Nonetheless, constructing reliable datasets for defect detection remains a considerable challenge, particularly in dynamic production environments characterized by inconsistent lighting, variable conveyor speeds, and differing camera resolutions [23]. Visual interferences such as shadows, reflections, motion blur, and low image resolution further complicate accurate detection. Although some research focuses on controlled settings, practical, real-time quality inspection in industrial scenarios is still underdeveloped. Addressing these constraints requires careful image acquisition strategies, including high-resolution cameras, calibrated lighting, and optimized camera placement to generate dependable datasets for AI training [24].
This study addresses critical gaps in the current landscape of wood surface quality inspection. Existing manual and automated systems often lack the speed and accuracy required to manage complex and highly variable wood grain patterns. High-performance object detection models tend to be computationally intensive, limiting their deployment in real-time settings. Furthermore, ambiguity and overlap in defect types remain difficult to detect due to the absence of attention mechanisms and multi-scale learning capabilities. The integration of GNNs and Convolutional Neural Networks (CNNs) is underexplored, particularly in modeling spatial relationships and the diverse nature of wood defects. Compounding these challenges is the lack of benchmark datasets specifically tailored for wood inspection. To address these limitations, the study proposes a hybrid CNN-based architecture that combines classification, segmentation, and bounding box regression for comprehensive defect analysis. This model incorporates an area attention mechanism to enhance focus on relevant defect regions and suppress background noise, and leverages the Residual Enhanced Linear Aggregation Network (R-ELAN) to improve multi-scale feature aggregation and overall accuracy.

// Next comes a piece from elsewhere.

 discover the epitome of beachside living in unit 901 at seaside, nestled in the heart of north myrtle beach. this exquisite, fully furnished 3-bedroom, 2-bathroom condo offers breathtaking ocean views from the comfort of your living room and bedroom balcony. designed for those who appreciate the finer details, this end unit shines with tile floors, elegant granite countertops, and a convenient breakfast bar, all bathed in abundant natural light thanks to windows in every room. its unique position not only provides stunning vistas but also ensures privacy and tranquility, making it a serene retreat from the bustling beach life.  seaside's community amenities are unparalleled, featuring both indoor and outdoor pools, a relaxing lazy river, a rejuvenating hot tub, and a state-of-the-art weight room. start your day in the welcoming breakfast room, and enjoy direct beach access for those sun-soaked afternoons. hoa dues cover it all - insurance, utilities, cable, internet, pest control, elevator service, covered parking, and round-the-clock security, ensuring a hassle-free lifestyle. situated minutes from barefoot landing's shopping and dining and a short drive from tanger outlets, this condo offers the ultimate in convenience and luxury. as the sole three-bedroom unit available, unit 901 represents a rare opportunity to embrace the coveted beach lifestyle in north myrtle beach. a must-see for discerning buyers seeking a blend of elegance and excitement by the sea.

The proposed system offers a robust AI-based framework for detecting and classifying wood surface defects. It begins with image preprocessing, including noise reduction, contrast enhancement, and data augmentation to improve model robustness. Model training incorporates area attention and R-ELAN for enhanced feature extraction and accurate detection of complex, overlapping defects [22,23]. For real-time industrial deployment, the system employs region proposals and multi-headed strategies to maintain accuracy under varying conditions [24]. This ensures reliable performance in high-throughput manufacturing environments.

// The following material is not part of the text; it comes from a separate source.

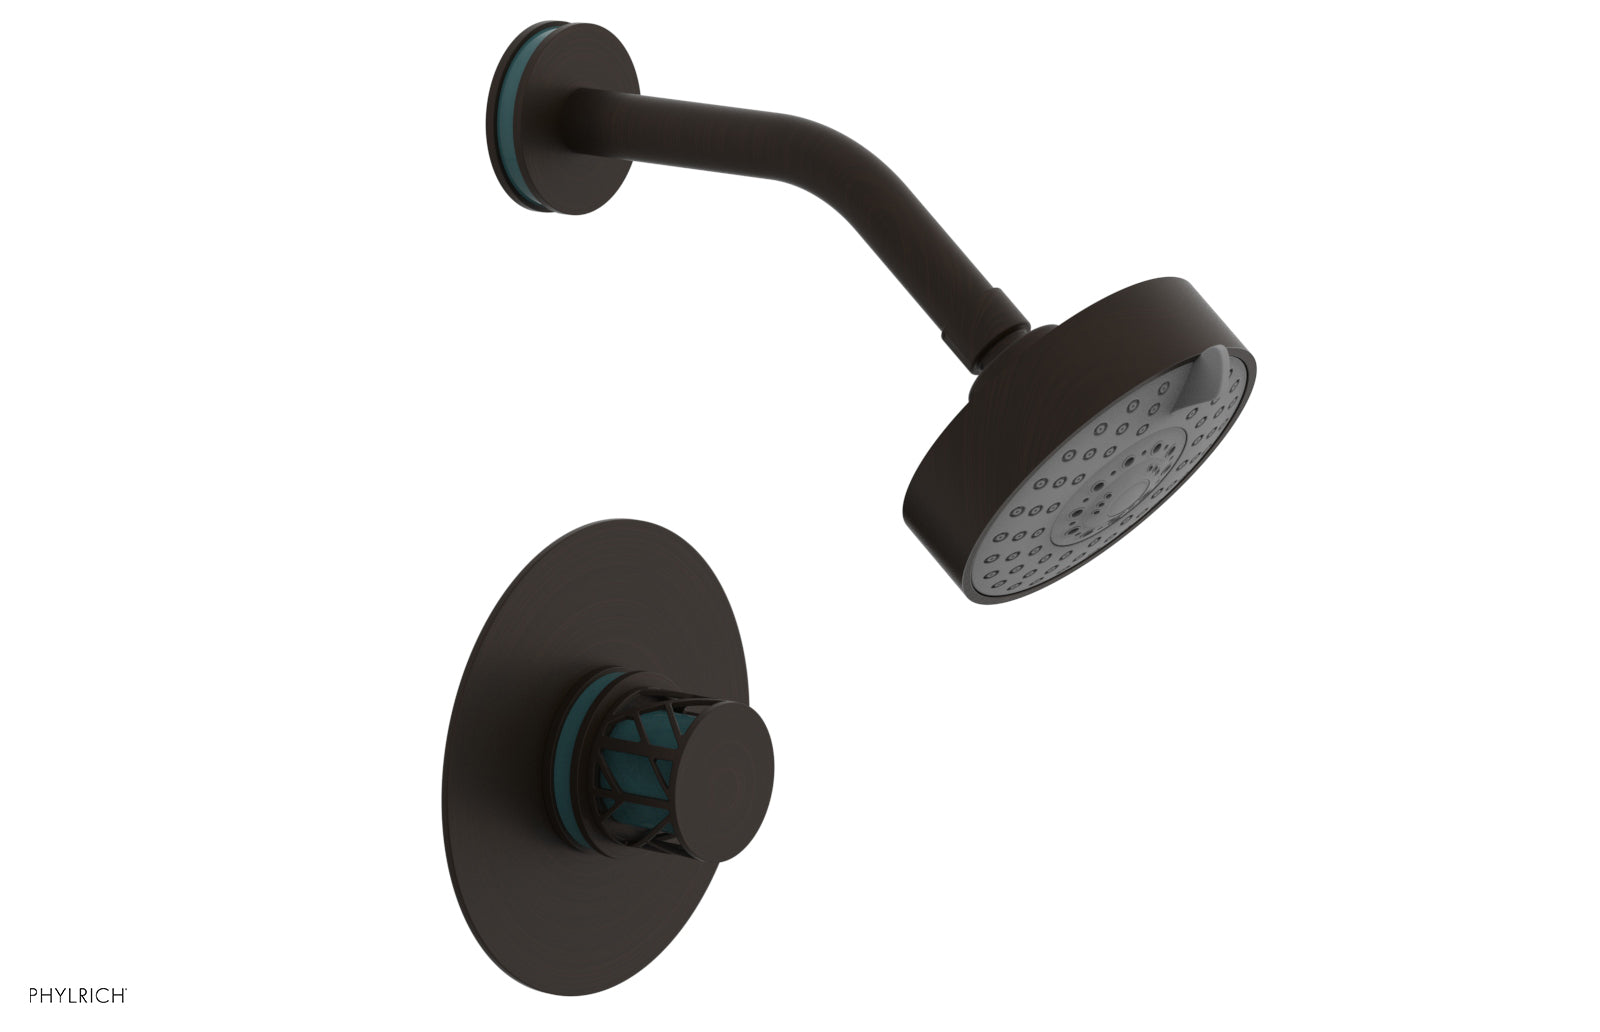 Phylrich JOLIE Pressure Balance Shower Set - Round Handle with "Turquoise" Accents

Although the study demonstrates the strong potential of AI-driven inspection systems, several areas warrant further research. These include improving computational efficiency for real-time applications in large-scale settings, developing adaptive learning algorithms to accommodate evolving defect patterns, and integrating multi-sensor data (e.g., infrared or ultrasonic) for more comprehensive analyses. Customizing AI models to suit industry-specific requirements remains a critical goal, as does the development of energy-efficient systems aligned with sustainable manufacturing practices.
Ultimately, the outcomes of this research contribute to the advancement of intelligent inspection systems that can transform quality assurance in the wood industry. By enhancing defect detection accuracy, improving operational workflows, and reducing material waste, the proposed system bridges the gap between traditional manual inspection and next-generation AI solutions. These innovations pave the way for real-time, automated quality control and provide a competitive advantage in modern manufacturing.
As shown in Fig. 2, the proposed defect detection model is a sophisticated framework designed to significantly enhance both detection accuracy and localization precision. At its core, the model leverages a ResNet50 [25] backbone for robust feature extraction, complemented by region proposal techniques and multi-headed classification and segmentation strategies. By incorporating advanced feature extraction and attention mechanisms, the framework achieves high performance in defect detection, particularly in challenging scenarios with complex or subtle defects [7].

Figure 2: Proposed method
The proposed model architecture is organized into interconnected stages that collectively enhance detection accuracy and efficiency. It begins with image preprocessing normalization, denoising, and resizing to ensure consistency and improve generalization [26]. ResNet50 serves as the backbone for extracting rich spatial features [25], which are further refined by the R-ELAN module to preserve critical defect information [27]. Region proposals guide the model to likely defect areas [28], while a multi-headed structure performs classification, bounding box regression, and mask segmentation simultaneously for detailed analysis [29]. Attention mechanisms, including GAT and Transformer-based modules, improve robustness by focusing on relevant features and filtering out noise [13].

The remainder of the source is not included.